(MATERIAL FOR THE TASK begins)

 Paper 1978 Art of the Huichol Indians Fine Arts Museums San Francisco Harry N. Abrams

(MATERIAL FOR THE TASK ends)
(MATERIAL FOR THE TASK begins)

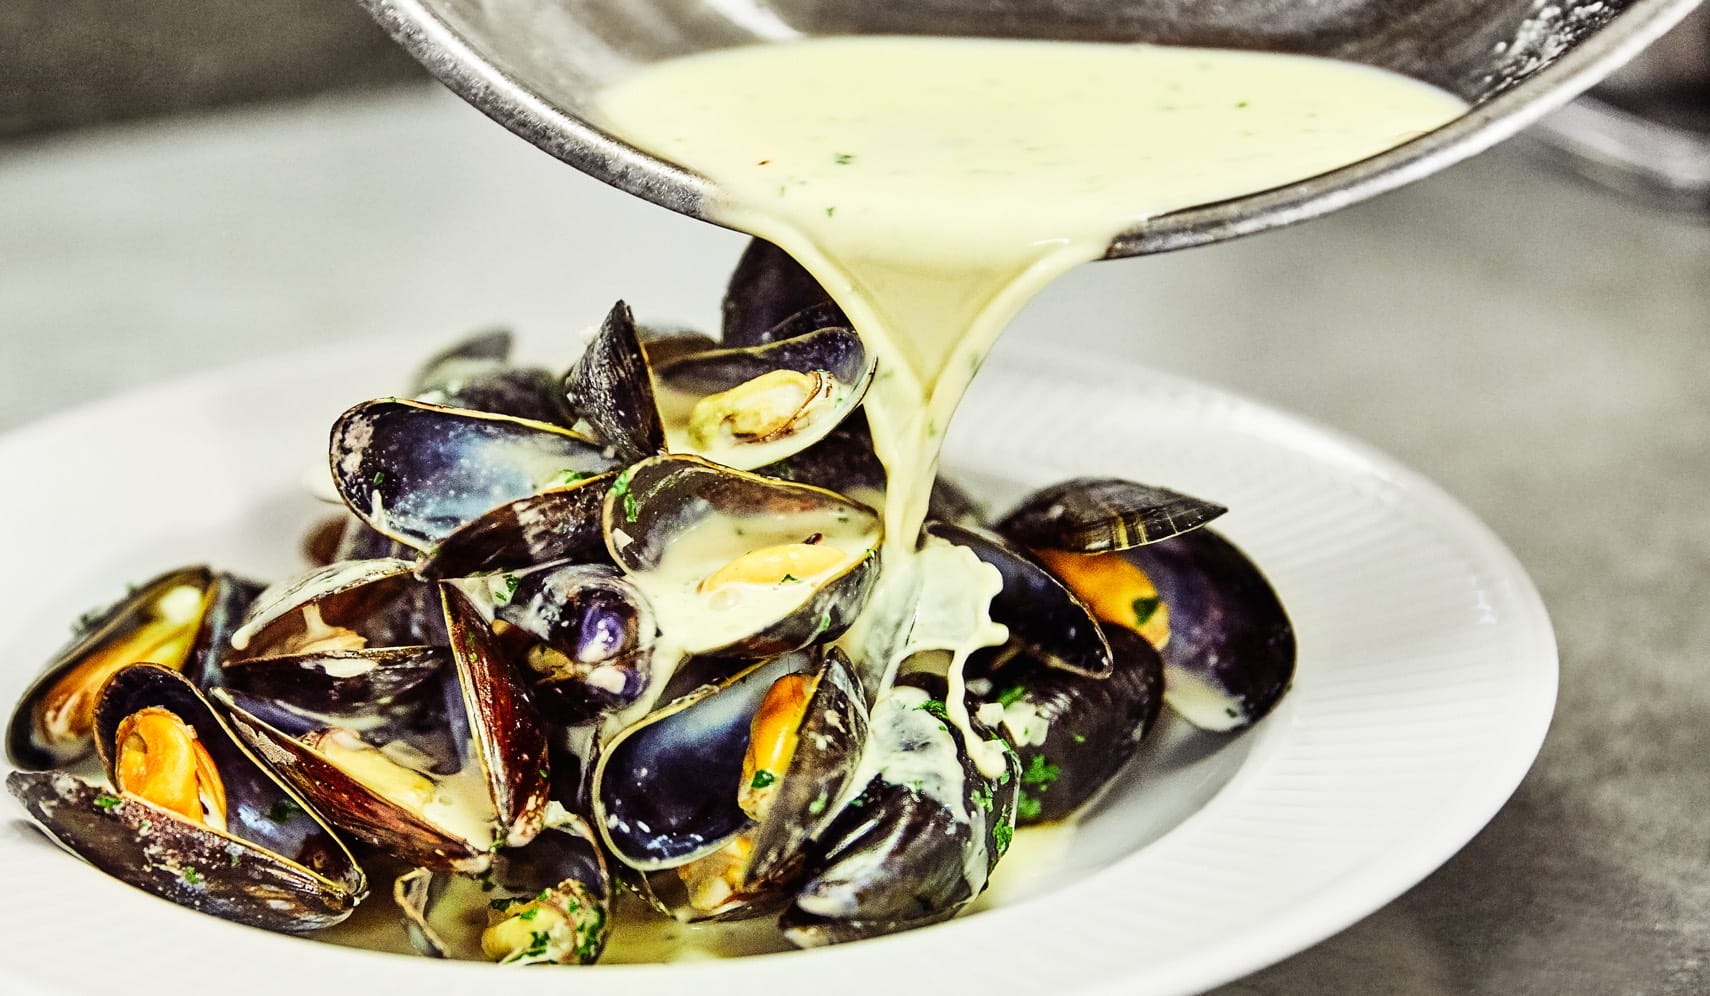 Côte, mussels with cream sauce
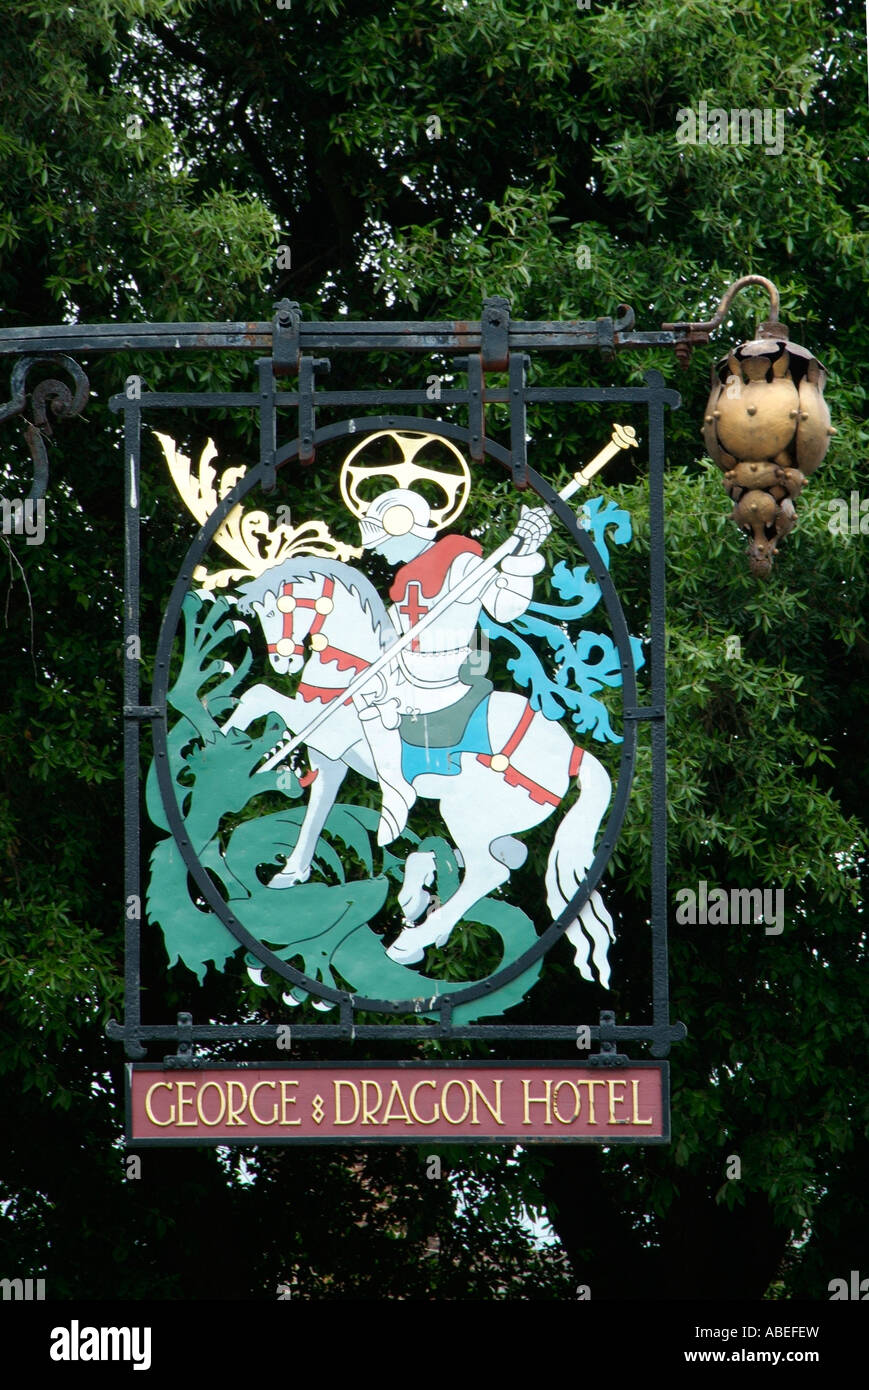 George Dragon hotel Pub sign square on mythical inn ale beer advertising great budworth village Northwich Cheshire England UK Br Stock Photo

(MATERIAL FOR THE TASK ends)
(MATERIAL FOR THE TASK begins)

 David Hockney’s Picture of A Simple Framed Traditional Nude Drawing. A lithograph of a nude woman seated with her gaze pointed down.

(MATERIAL FOR THE TASK ends)

▶ _YOUR INSTRUCTIONS_: The response must repeat exactly the lines above from the one with "Côte, mussels with cream sauce" through the one with "George Dragon hotel", including both, and must contain no pictures and no other text.

▶ _PROBLEM SOLUTION_:
 Côte, mussels with cream sauce
 George Dragon hotel Pub sign square on mythical inn ale beer advertising great budworth village Northwich Cheshire England UK Br Stock Photo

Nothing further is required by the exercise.